Dataset section
--- START ---

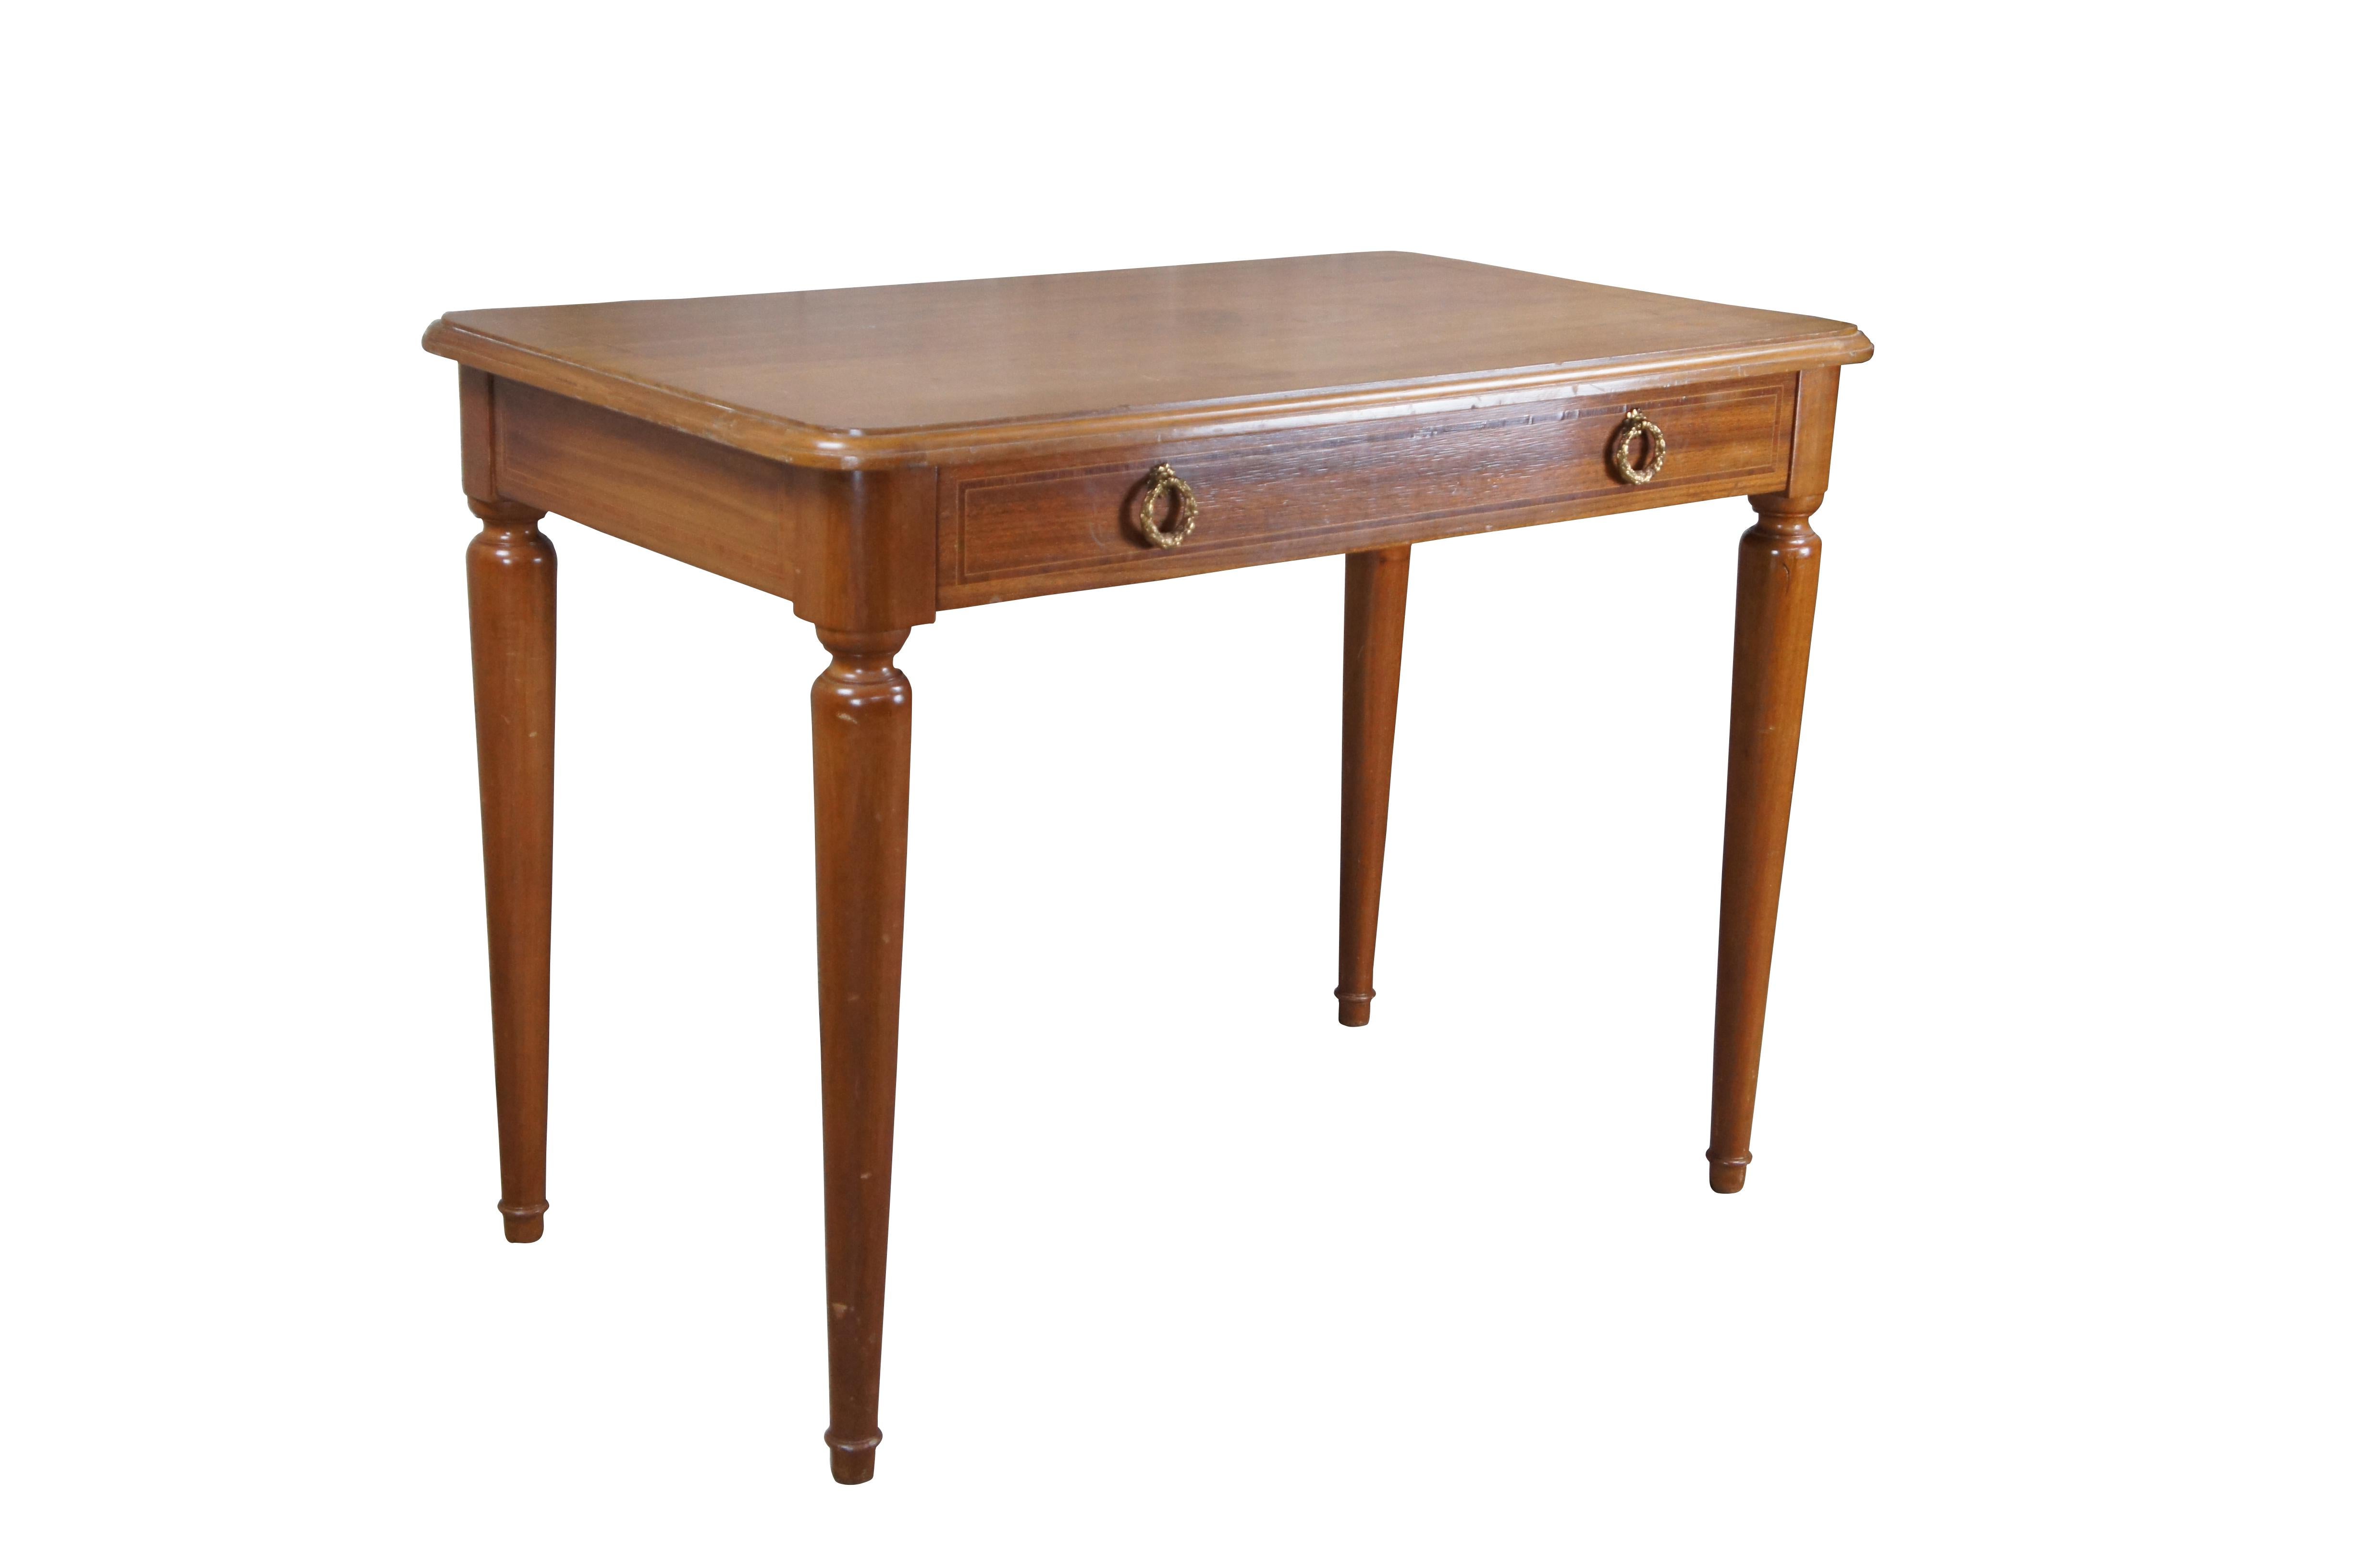 Antique 1930s French Louis XVI style cherry desk with dovetailed drawer. Made from cherry with crossbanded inlay and ormolu drawer pulls. The desk is supported by turned and tapered legs.

Dimensions:
23.5

--- END ---

Exercise requirements
Copy every line above exactly, leaving no picture in the copy.

Result of the task
 Antique 1930s French Louis XVI style cherry desk with dovetailed drawer. Made from cherry with crossbanded inlay and ormolu drawer pulls. The desk is supported by turned and tapered legs.

Dimensions:
23.5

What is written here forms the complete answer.